Kore hükümeti durgunluktan çıkmak için bir dizi ekonomik reform önlemi aldı. Finans piyasasındaki kısıtlama, Uluslararası Para Fonu'nun (IMF) tavsiyeleri doğrultusunda gevşetildi. 24 Aralık 1997'de sermaye piyasasının liberalleşmesini desteklemek için serbest dalgalı döviz kuru kabul edildi. Özel şirketler dış borçlar üzerindeki kaldıraç oranını düşürdü. Kore merkez bankası, dış mali şoklar gibi beklenmedik durumları hazırlamak için yeterli döviz rezervi biriktirdi.

Asya Finansal Krizinden Küreselleşmeye Sonrası

2007-2008 mali krizinin ardından Kore ekonomisi, aynı yılın üçüncü çeyreğine göre dördüncü çeyrekte% 4,6 küçüldü. İronik olarak, ticaret politikasında daha önce kabul edilen reformlar bu süre zarfında olumsuz etkilendi. Sermaye piyasasının liberalleşmesi ve serbest dalgalı döviz kuru rejimine geçiş, yabancı yatırımcıların ve spekülatörlerin Kore sermaye piyasasından sermayeyi çekmesini kolaylaştırarak finansal istikrarı kötüleştirdi.

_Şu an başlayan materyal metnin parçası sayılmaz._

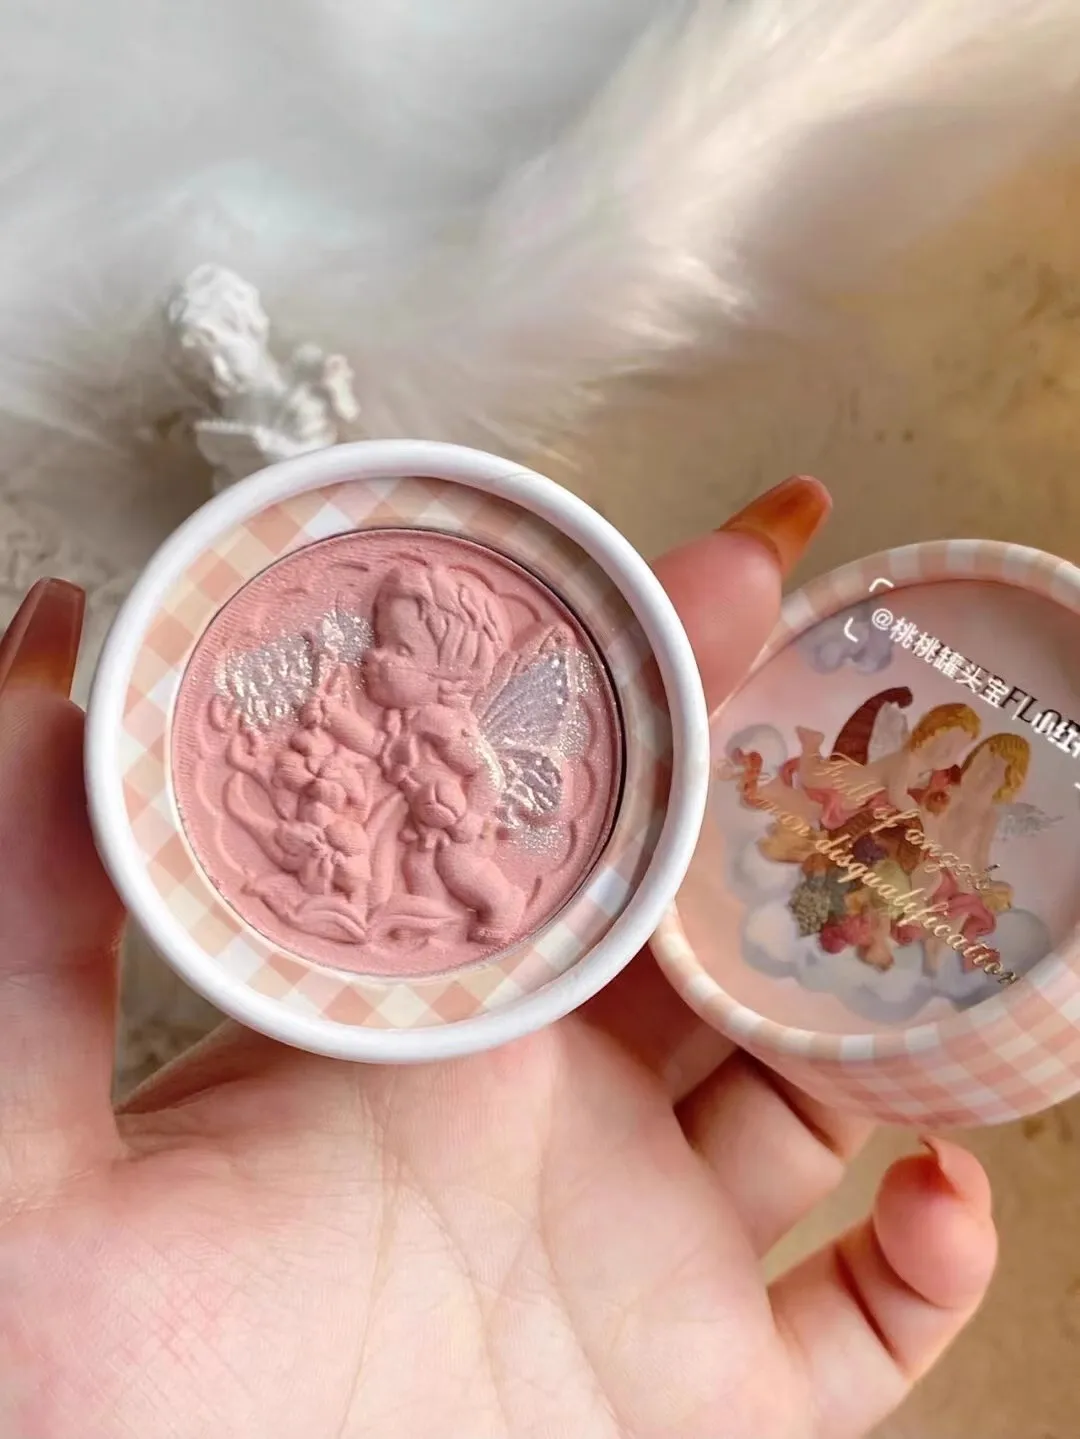 

Cheerflor Angel Embossed Blusher Face Blush Matte Natural Cheek Tint Brighten Contouring Soft Female Makeup Rare Beauty Cosmetic

2007-2008 mali krizinden sonra , Kore yeni bir politika başlattı , pazar tarafından yönlendirilen küreselleşmeye odaklanarak, uluslararası işbirliğine sürekli katılım yoluyla, ülke içi eksikliklerin giderilmesi ve şeffaflığı, hesap verebilirliği, esnekliği ve ekonominin genel rekabet gücünü artırma ihtiyacına odaklandı. ve bilgiye dayalı ekonomiye dönüşüm.

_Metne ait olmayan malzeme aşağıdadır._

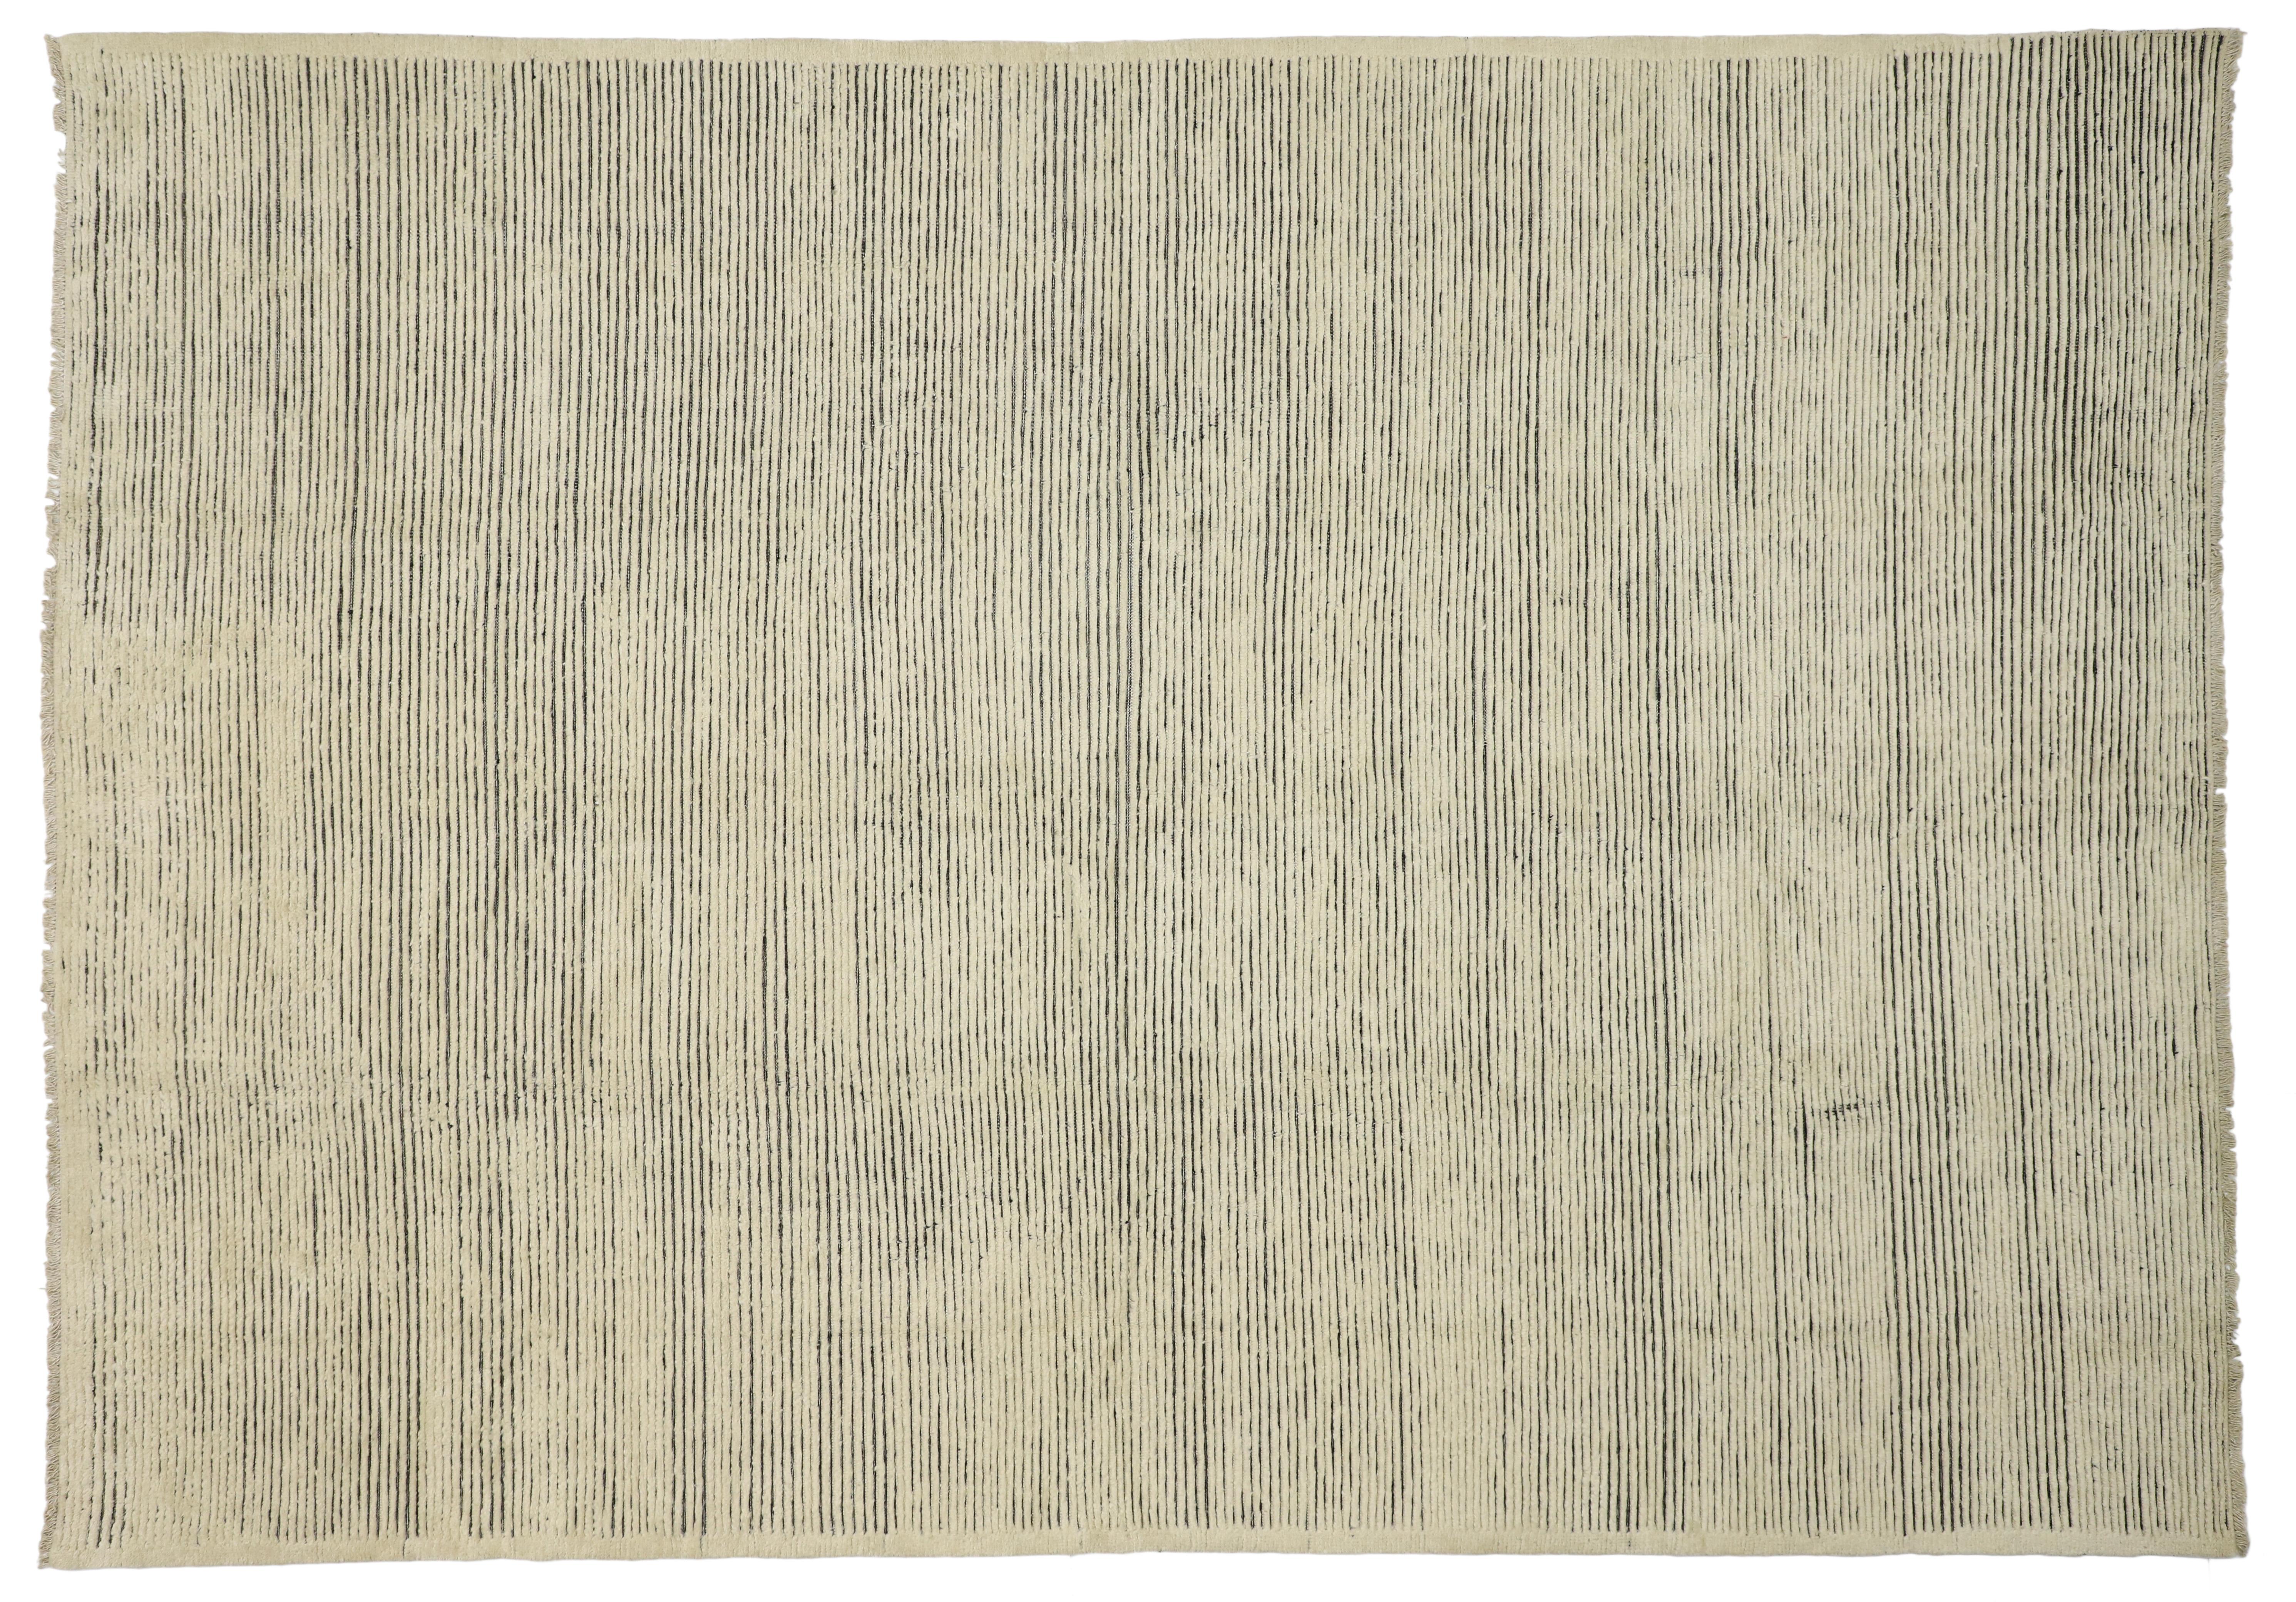 New Contemporary Moroccan Area Rug with Minimalist Organic Modern Style 3

Ticaret odaklı bir ülke ve DTÖ üyesi olarak Kore, çok taraflı ticaret serbestleştirmesinin güçlü bir destekçisi haline geldi. Kore hükümeti ayrıca 2007-2008 mali krizinden hızlı toparlanmanın çok taraflı ticaret anlaşmaları nedeniyle mümkün olduğunu iddia ediyor . Yakın zamana kadar Kore, iki taraflı veya bölgesel STA'lar bulunmayan az sayıdaki DTÖ üye ülkesinden biri olarak kaldı. Çok taraflı ticaret anlaşmalarındaki başarının ardından, Kore şimdi 2003'ten beri FTA ile ilgileniyor. FTA'ya girerek, Kore dünya çapında yeni pazarlara erişebilecek. STA'lar, tarife ve tarife dışı engeller gibi maliyetleri düşürür. Serbest ticaret anlaşması, rekabeti artırarak pazardaki etkinliği artırmakta ve ithal malların fiyatlarını aşağı çekmenin yanı sıra tüketicilerin tercihlerini çeşitlendirerek tüketici refahını artırmaktadır. Kore'nin dış ticarete olan yüksek bağımlılığı, ihracat pazarlarının güvence altına alınması ihtiyacı ve Kore ekonomisinin hızlandırılmış açılması ve yeniden yapılandırılması gibi kendi iç talebi gibi diğer faktörler de Kore'nin STA'lara gitme kararına iltifat etti. Kore ekonomisi üzerindeki etkilerini değerlendirmek zor olacaktır çünkü bu anlaşmalar son zamanlarda yürürlüğe girmiştir ve biz de aynı şekilde ampirikleri beklemek zorundayız.